I am looking into buying a sander... looks like Belt Sander is the best bet for me... as looks like it can do most of the wood working stuff... 

as a DIYers... requires sanding on various situation... is Belt Sander is the best bet to acquire which got most multi-purpose usage?

thanks...


----------



## Big Dave (May 17, 2006)

Belt sanders are great for removal of alot of stock quickly but not the best for finish sanding. With a belt sander you will always need to sand with the grain or else it will cause scratches that will show up when you stain and finish your project.


A Random Orbital sander is a better choice. You can get an aggresive grit for heavy removal or a finer grit for finish sanding plus you don't have to worry about which way you sand your project.

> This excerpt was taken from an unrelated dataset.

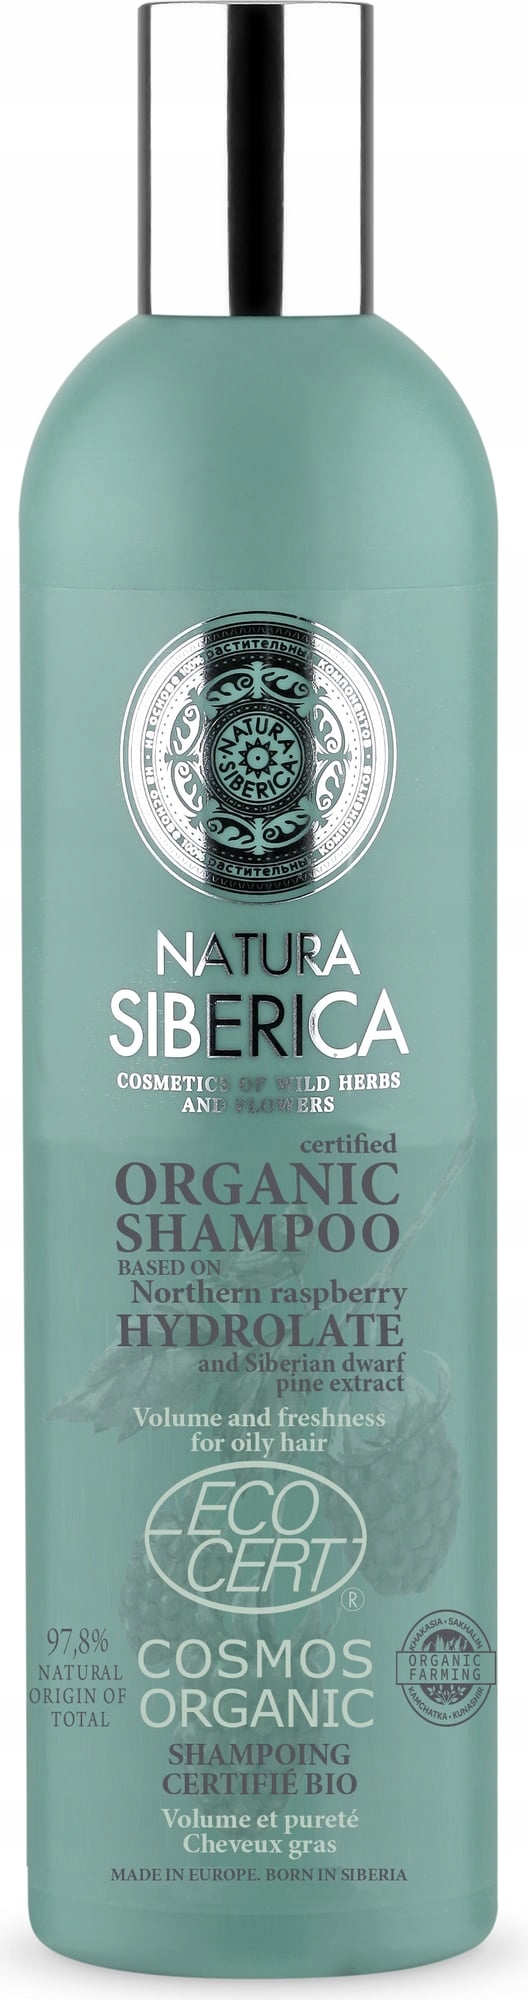 natura siberica szampon wzmacniający i nadający objętość
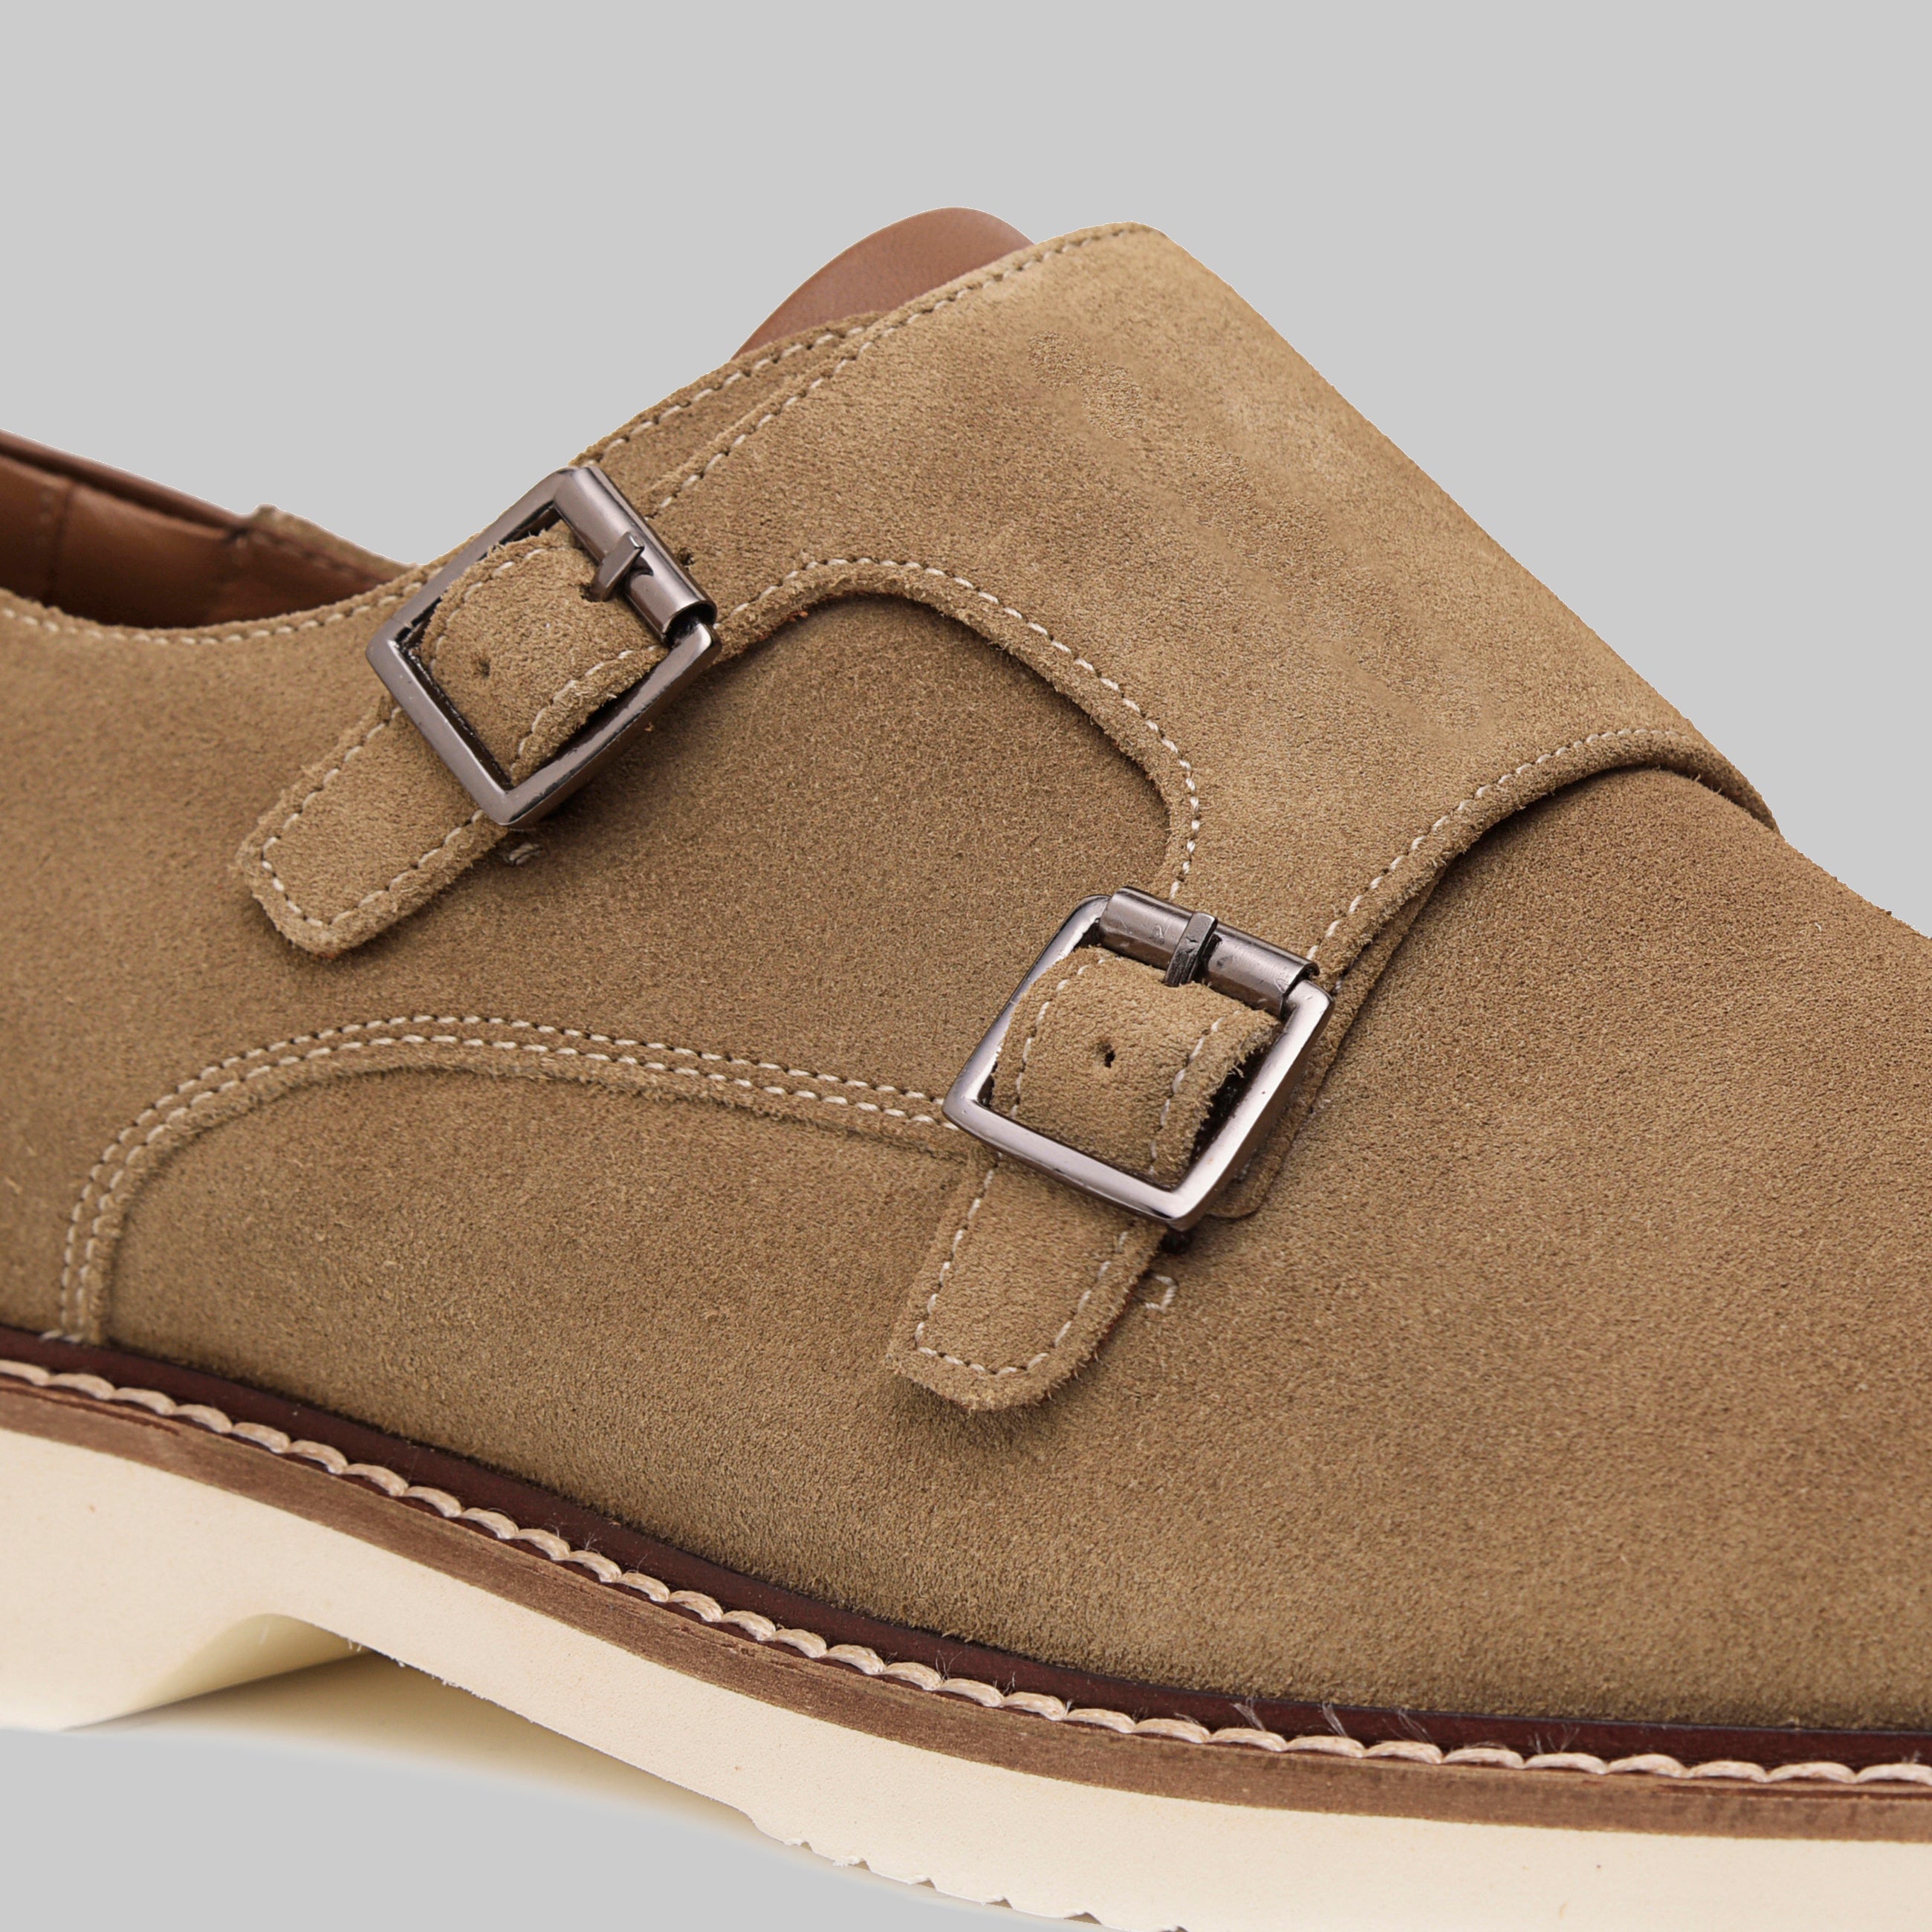 Neil Plain Toe Monk Strap Casual Shoes

For sanders I would recommend the Porter-Cable line. I've always thought their sanders and routers were superior to any one elses.


----------



## KUIPORNG (Jan 11, 2006)

One reason for me to consider belt sander is sometimes I need to trim the wood a little bit to get a perfect fit... Can orbital sander do that? Think of installing hardwood on stairs as an example...


----------



## Big Dave (May 17, 2006)

If you need to trim a little off of a peice of wood then I would recommend a small hand plane

With an aggresive paper the orbital will remove wood rather quickly.


----------



## KUIPORNG (Jan 11, 2006)

I have a visa-pak black and decker 7.2 V handheld small trigangular sander... are those similar to orbital sander... doing similar action which is vibrating/shaking a lot... Just want to have an idea how orbital sander works...


----------



## Big Dave (May 17, 2006)

This is the one I would recommend.

http://www.lowes.com/lowes/lkn?action=productDetail&productId=241413-546-343K&lpage=none


----------



## NateHanson (Apr 15, 2007)

Big Dave said:


> If you need to trim a little off of a peice of wood then I would recommend a small hand plane


I'd second this advice. Using a belt sander for fitting joints is like using a blender to peel a potato. 

If you want a general purpose sander, get a Random Orbit 5" palm sander. I too like the porter cable model. 

For trimming joints, get a chisel, and a block plane, and learn how to keep them sharp. It's much quicker, more accurate, and infinitely more pleasant than using a sander to remove wood.


----------



## KUIPORNG (Jan 11, 2006)

Thanks... for the advice... I most likely will get an orbital sander after reviewing..


----------